• What you need to do: The line with "Team Day 2019", the line with "Gustav Klimt &", and all lines between them in the material below: return these exactly, and no others.

• Data listing:
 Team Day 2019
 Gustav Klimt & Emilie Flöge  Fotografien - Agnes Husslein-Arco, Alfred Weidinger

...

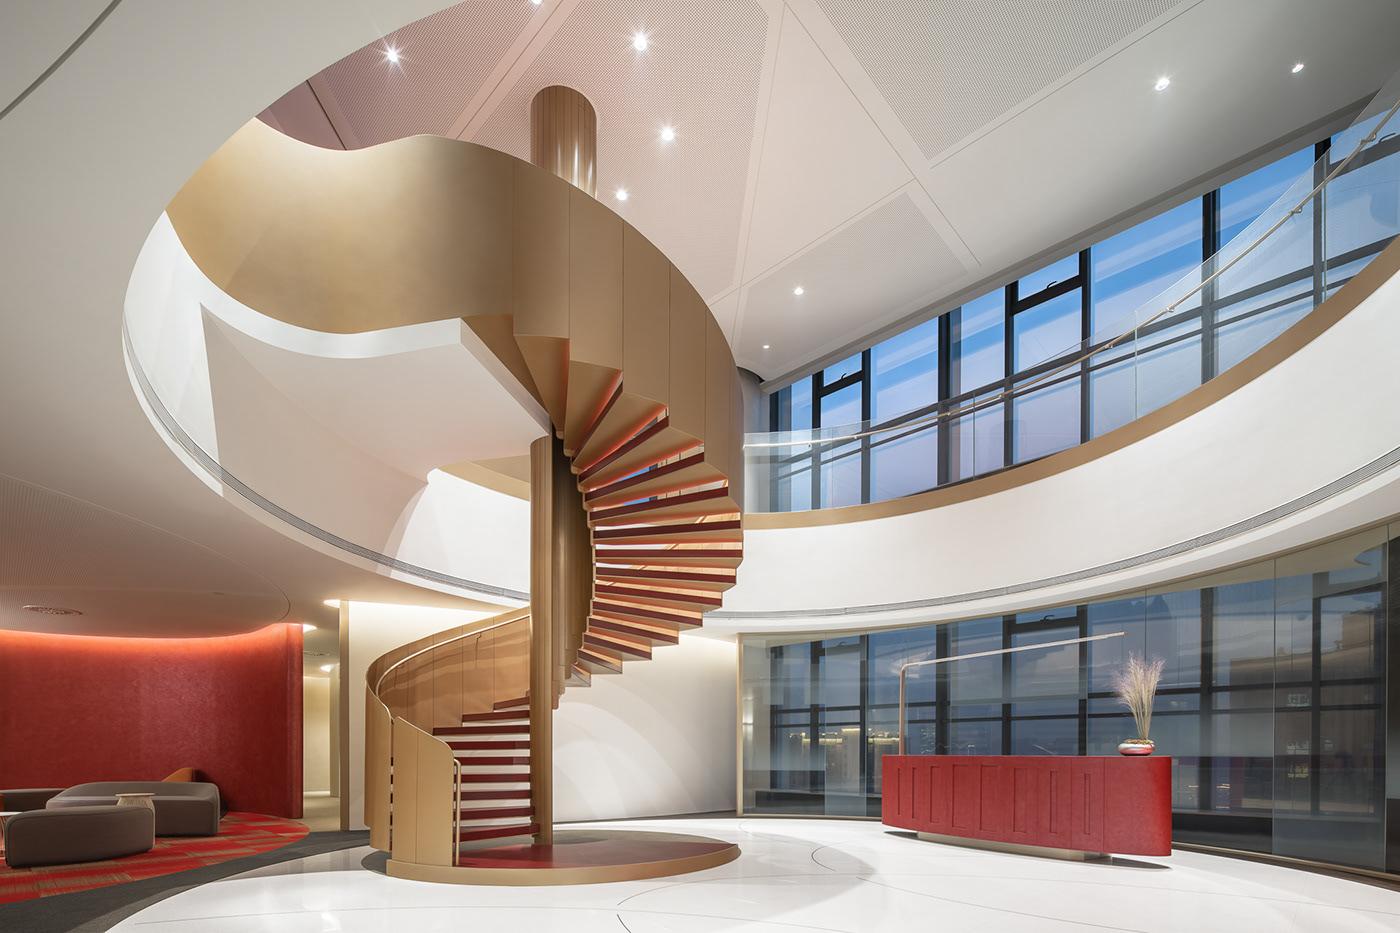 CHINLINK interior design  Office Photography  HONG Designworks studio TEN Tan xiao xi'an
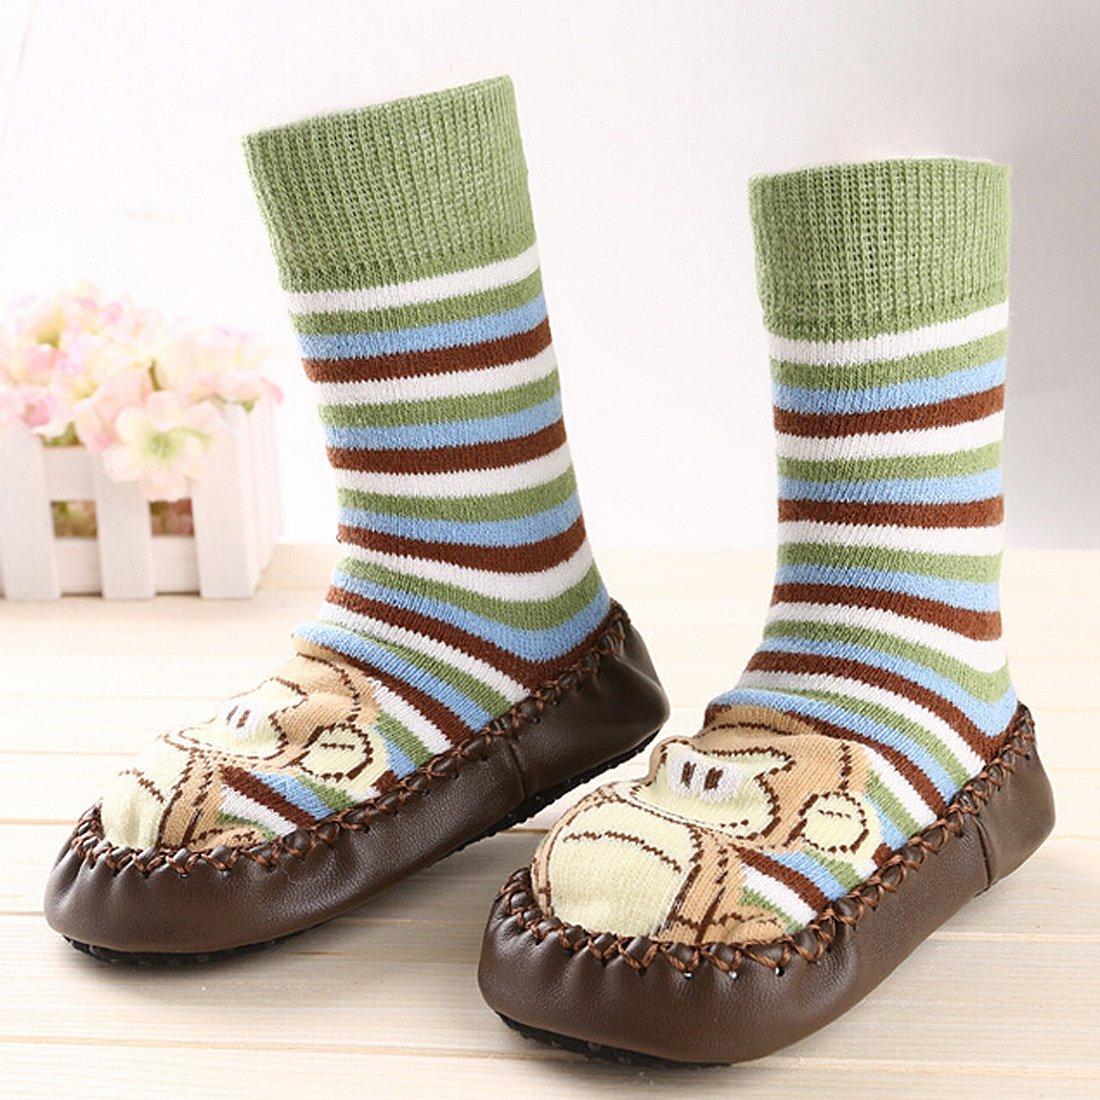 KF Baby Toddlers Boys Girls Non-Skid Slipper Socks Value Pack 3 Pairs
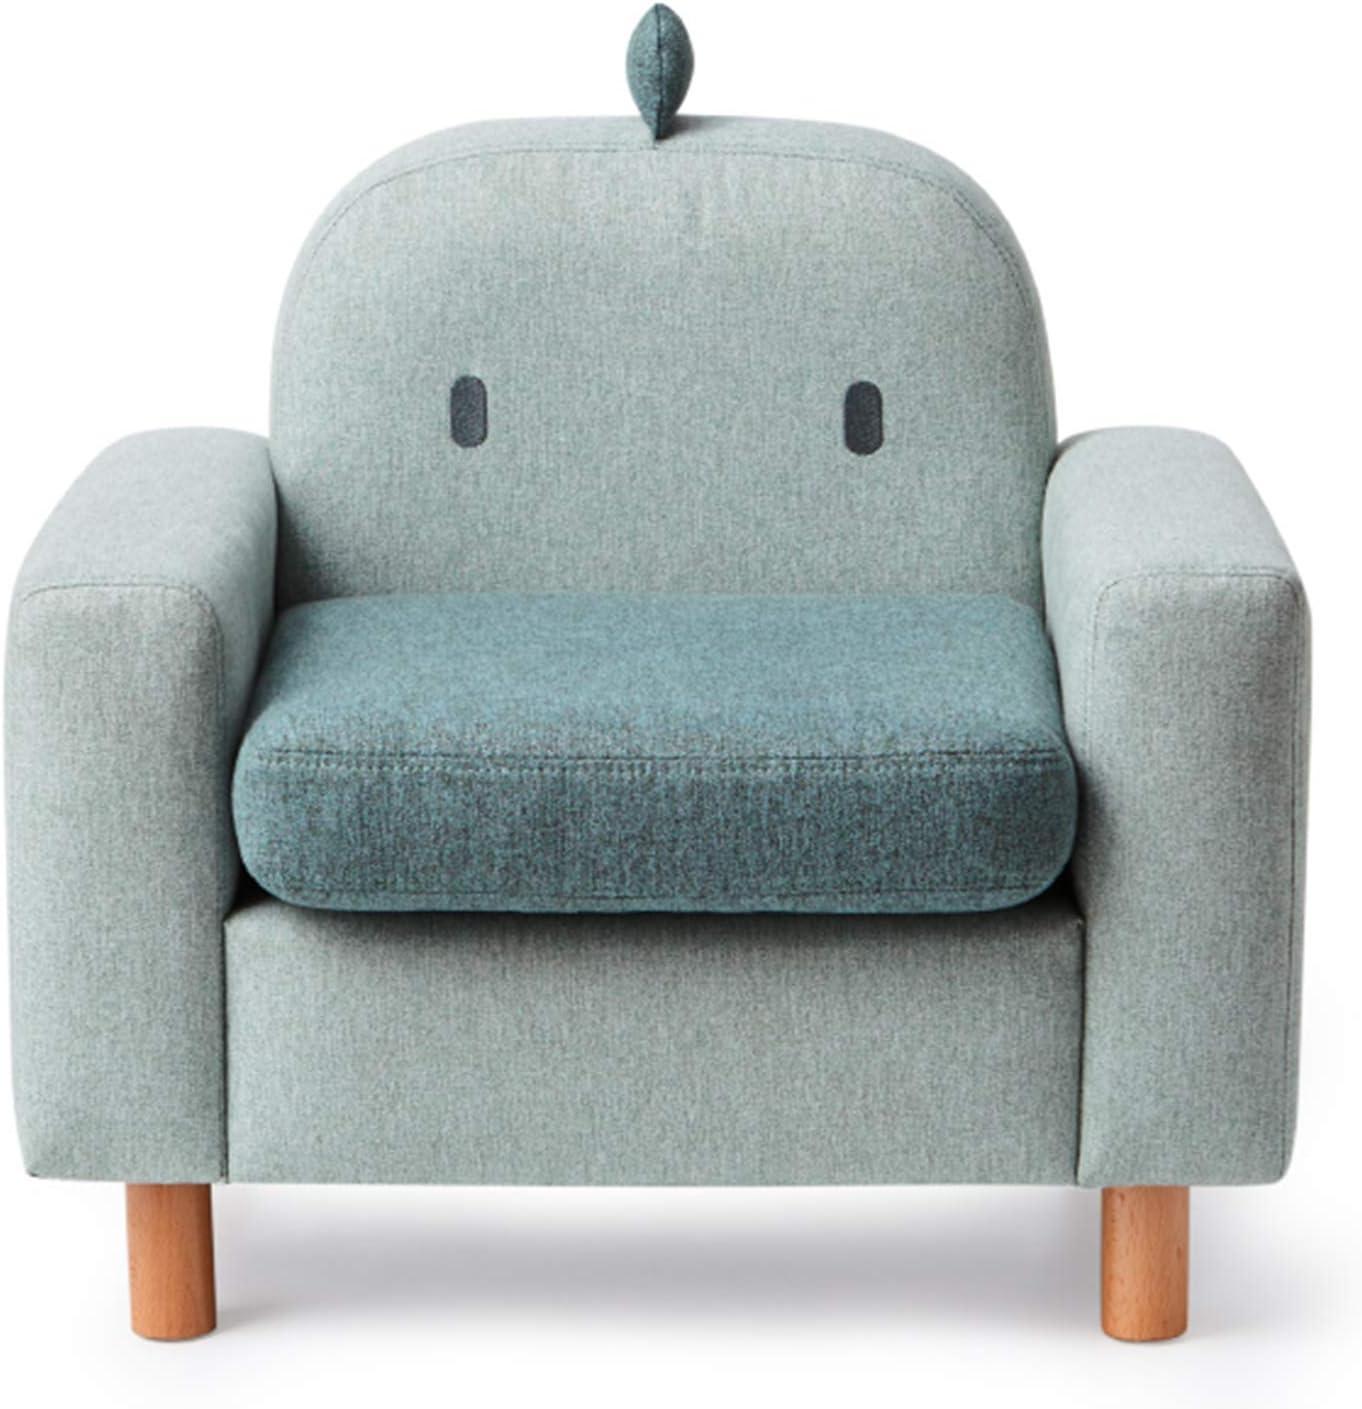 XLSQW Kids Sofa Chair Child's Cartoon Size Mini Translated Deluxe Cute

• Output of the task:
 Team Day 2019
 Gustav Klimt & Emilie Flöge  Fotografien - Agnes Husslein-Arco, Alfred Weidinger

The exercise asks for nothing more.